As before, we will use binary cross entropy loss and stochastic gradient descent with momentum.

In [None]:
# cross-entropy loss between the distribution of ground truth labels and the model predictions
loss = tf.keras.losses.BinaryCrossentropy()

# stochastic gradient descent with momentum
optimizer = tf.keras.optimizers.SGD(
    learning_rate = 0.01,
    momentum      = 0.9)

### Compiling the model
We finally configure the model for training by indicating the loss, the optimizer and performance metrics to be computed during training.  
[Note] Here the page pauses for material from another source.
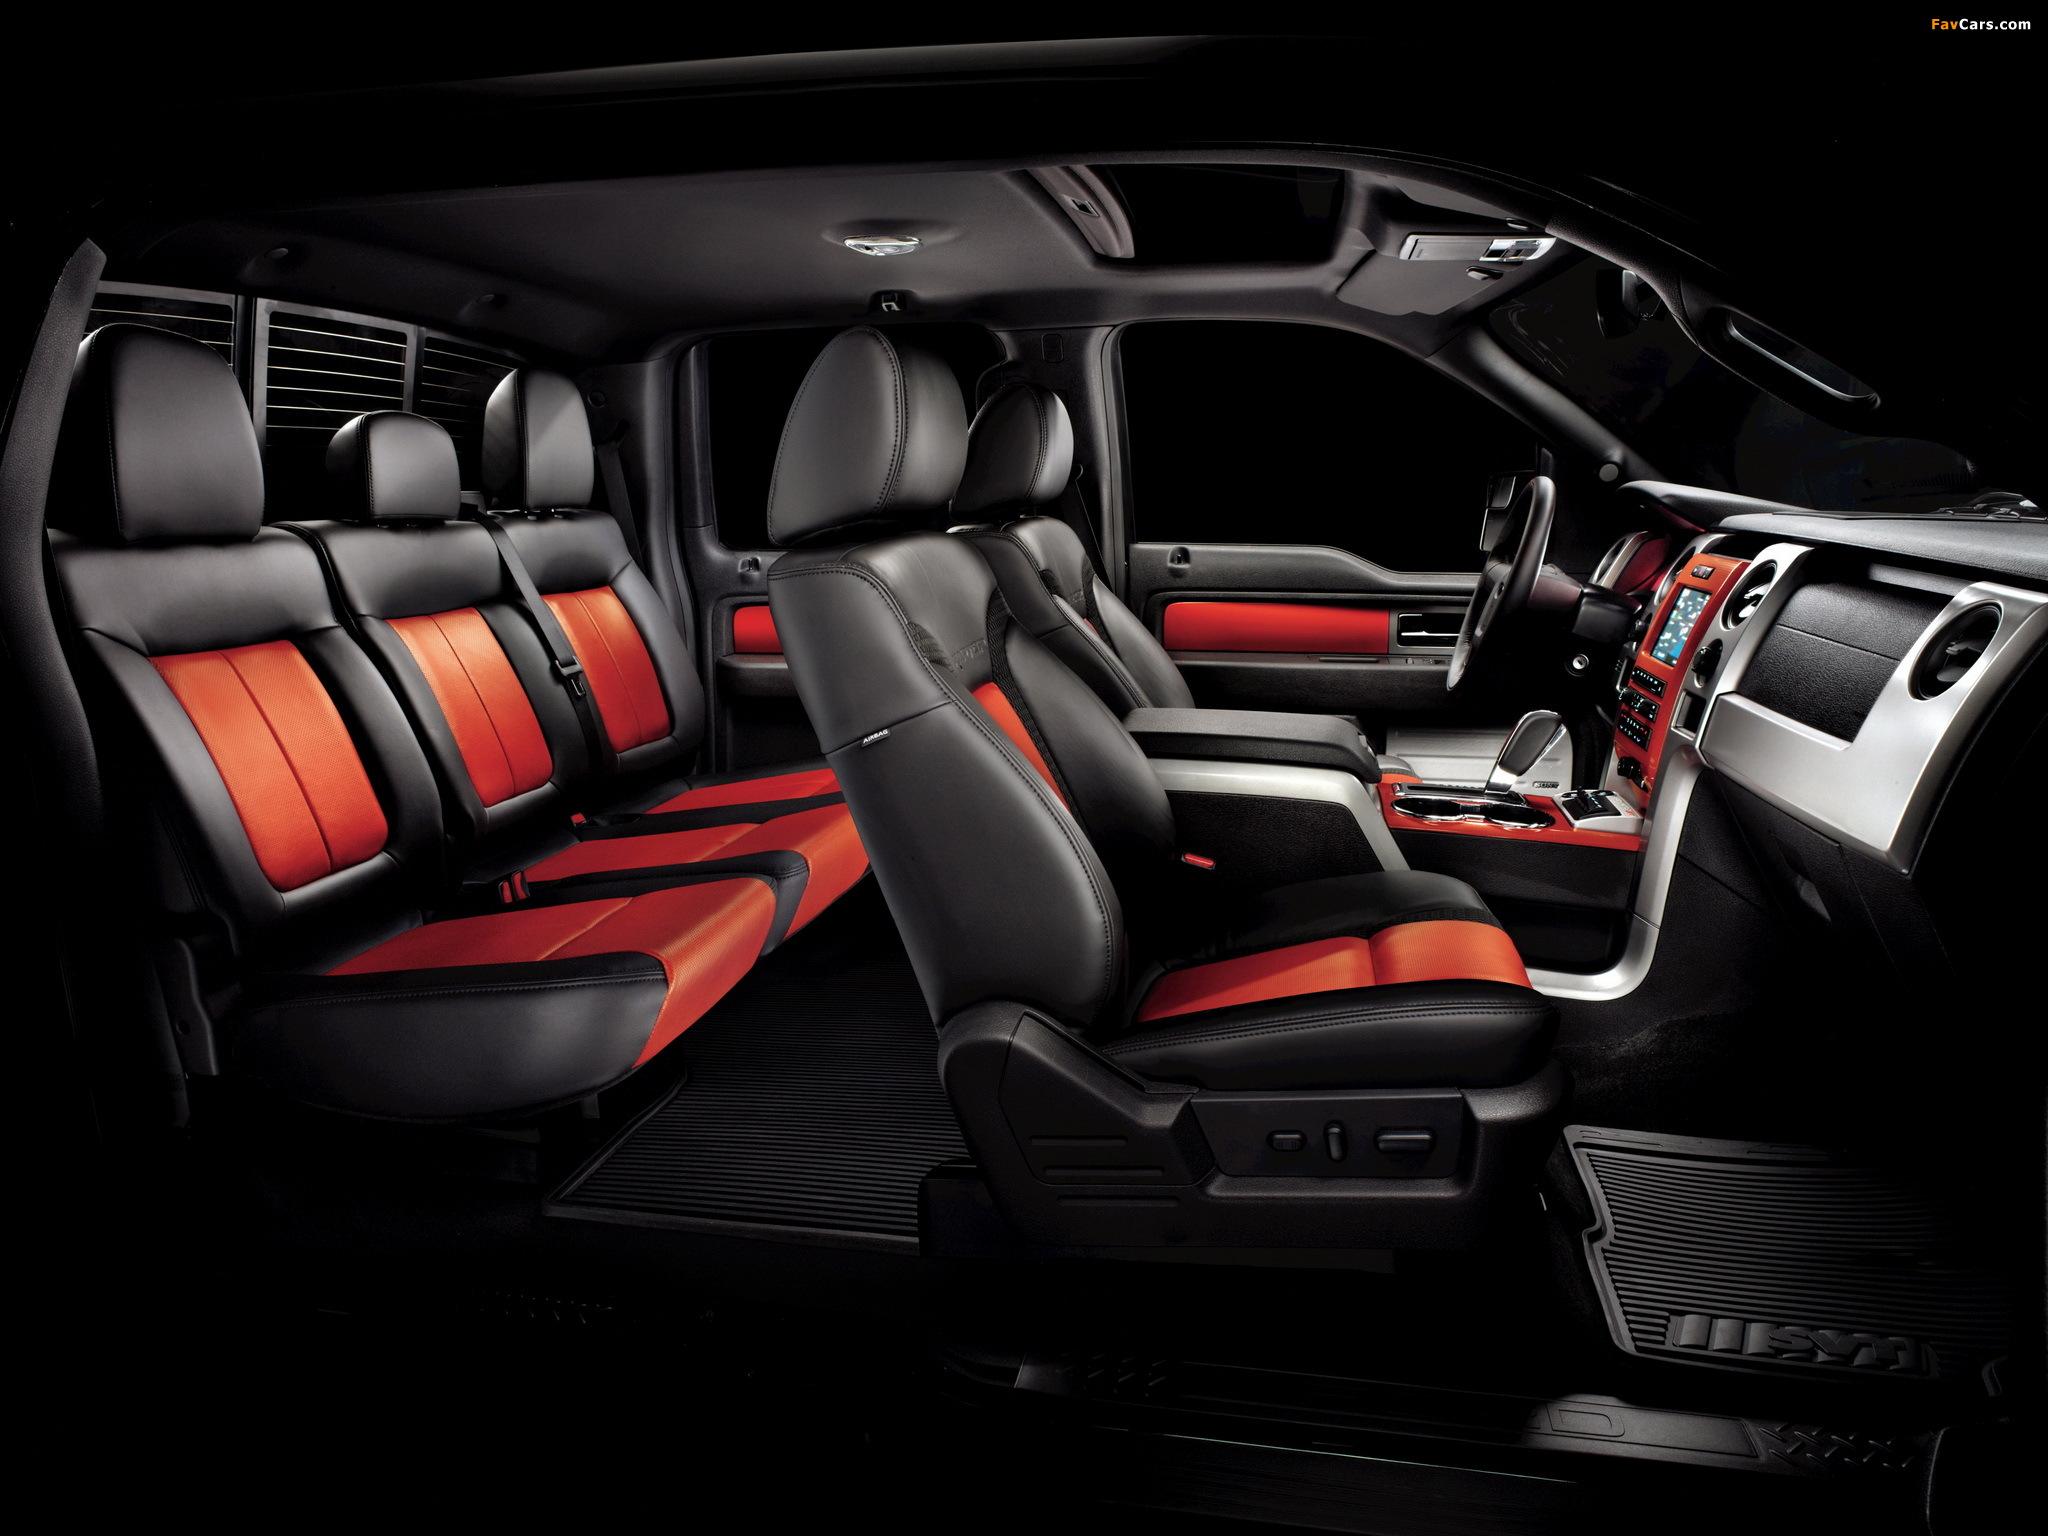 Ford Raptor - автомобили, запчасти, тюнинг - доставка по ...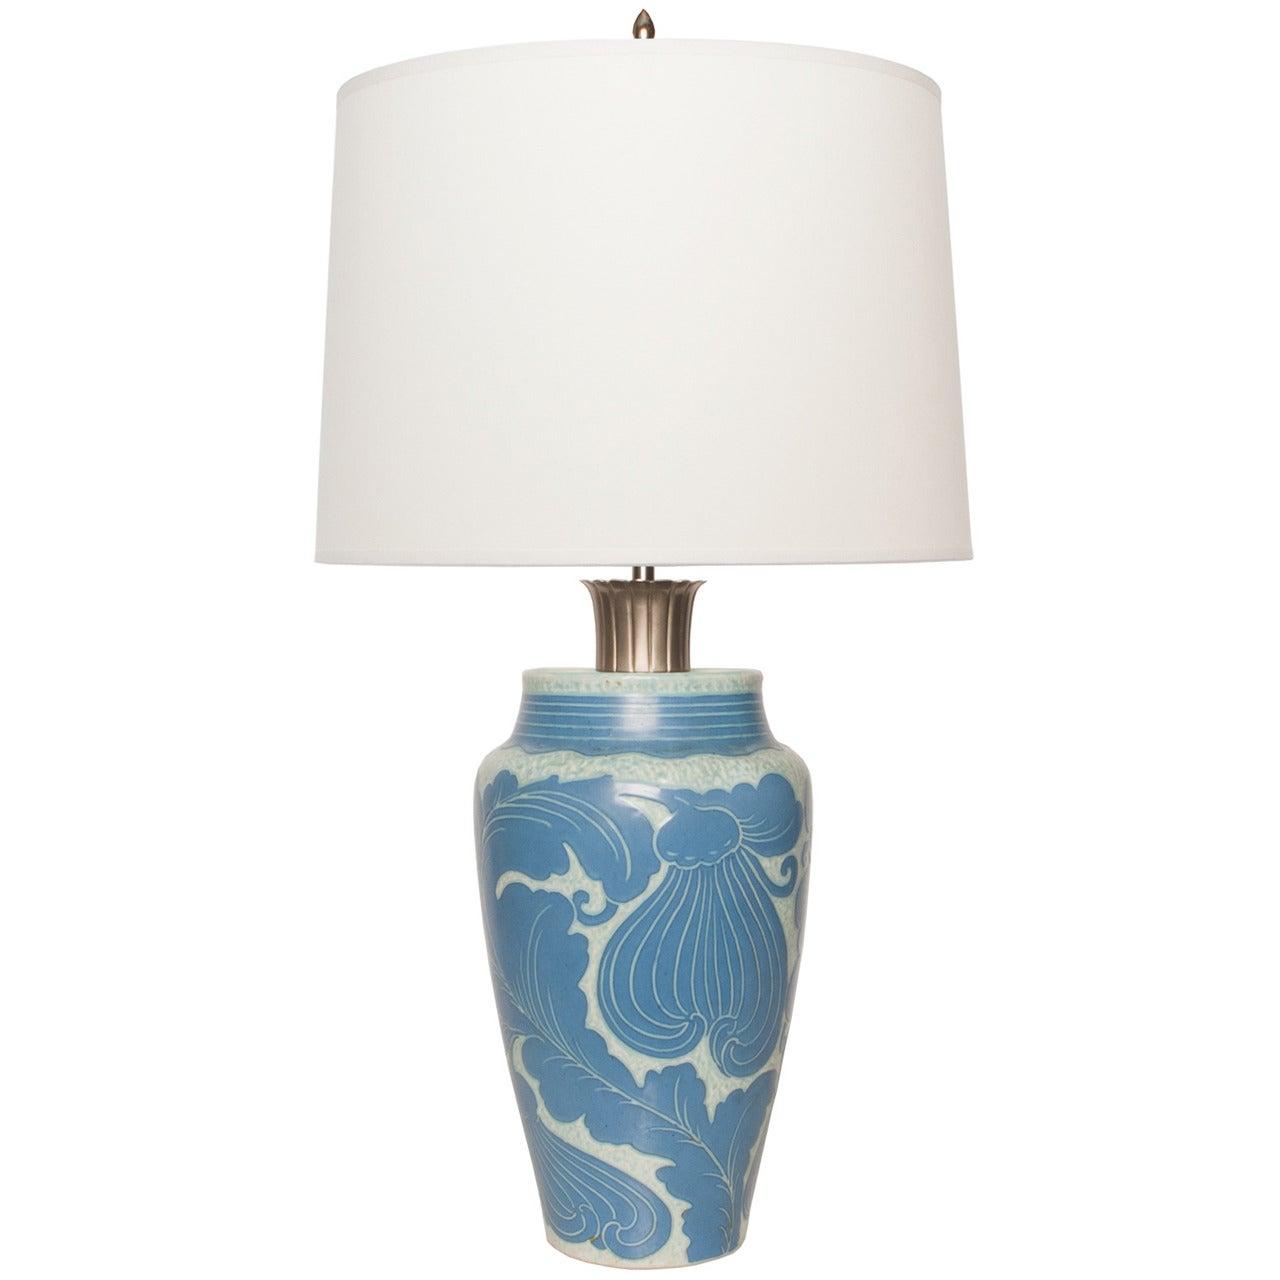 Josef Ekberg Lamp for Gustavsberg with Leaf Motif and Nickel Details

We use __model.summary()__ to display and check the model architecture we implemented.
Remark that with a similar architecture, the total number of trainable parameters in the network is highly reduced.

In [None]:
model.compile(
    optimizer = optimizer,
    loss      = tf.keras.losses.BinaryCrossentropy(),
    metrics   = ["accuracy"])

model.summary()

### Creating a data generator

Again, for memory-wise and training efficiency reasons, we will define generators that can be called to produce __mini-batches__ of samples when needed.

This time, images will keep their tensor shape, and we will rescale their intensity to be in \[0,1\].

In [None]:
class dataGenerator(tf.keras.utils.Sequence):
    """ DataGenerator herited from tf.keras.utils.Sequence
        Input: image data, label data
        __getitem__: Returns random samples (mini-batches) drawn from the data
    """
    
    def __init__(self, data_images, data_labels):
        self.batch_size = 32
        
        self.data_images = data_images
        self.data_labels = data_labels
        self.data_size   = data_images.shape[0]
        
        self.scan_idx    = 0

    def __len__(self):
        return int(self.data_size / self.batch_size)

    def __getitem__(self, idx):
        batch_images = []
        batch_labels = []
        for _i in range(self.batch_size):
            batch_images.append(self.data_images[self.scan_idx,])
            batch_labels.append(self.data_labels[self.scan_idx])
        
            self.scan_idx += 1 # Loop over available images
            self.scan_idx %= self.data_size
            
        batch_images = np.stack(batch_images, axis=0)
        batch_labels = np.array(batch_labels)
        
        batch_images = batch_images / 255.0 # Images are rescaled in [0,1]
        
        return batch_images, batch_labels

Then, we can instantiate 2 generators: one to generate mini-batches of the training data, one to generate mini-batches of the test data.

In [None]:
dataGenerator_train = dataGenerator(data_images_train, data_labels_train)
dataGenerator_test  = dataGenerator(data_images_test, data_labels_test)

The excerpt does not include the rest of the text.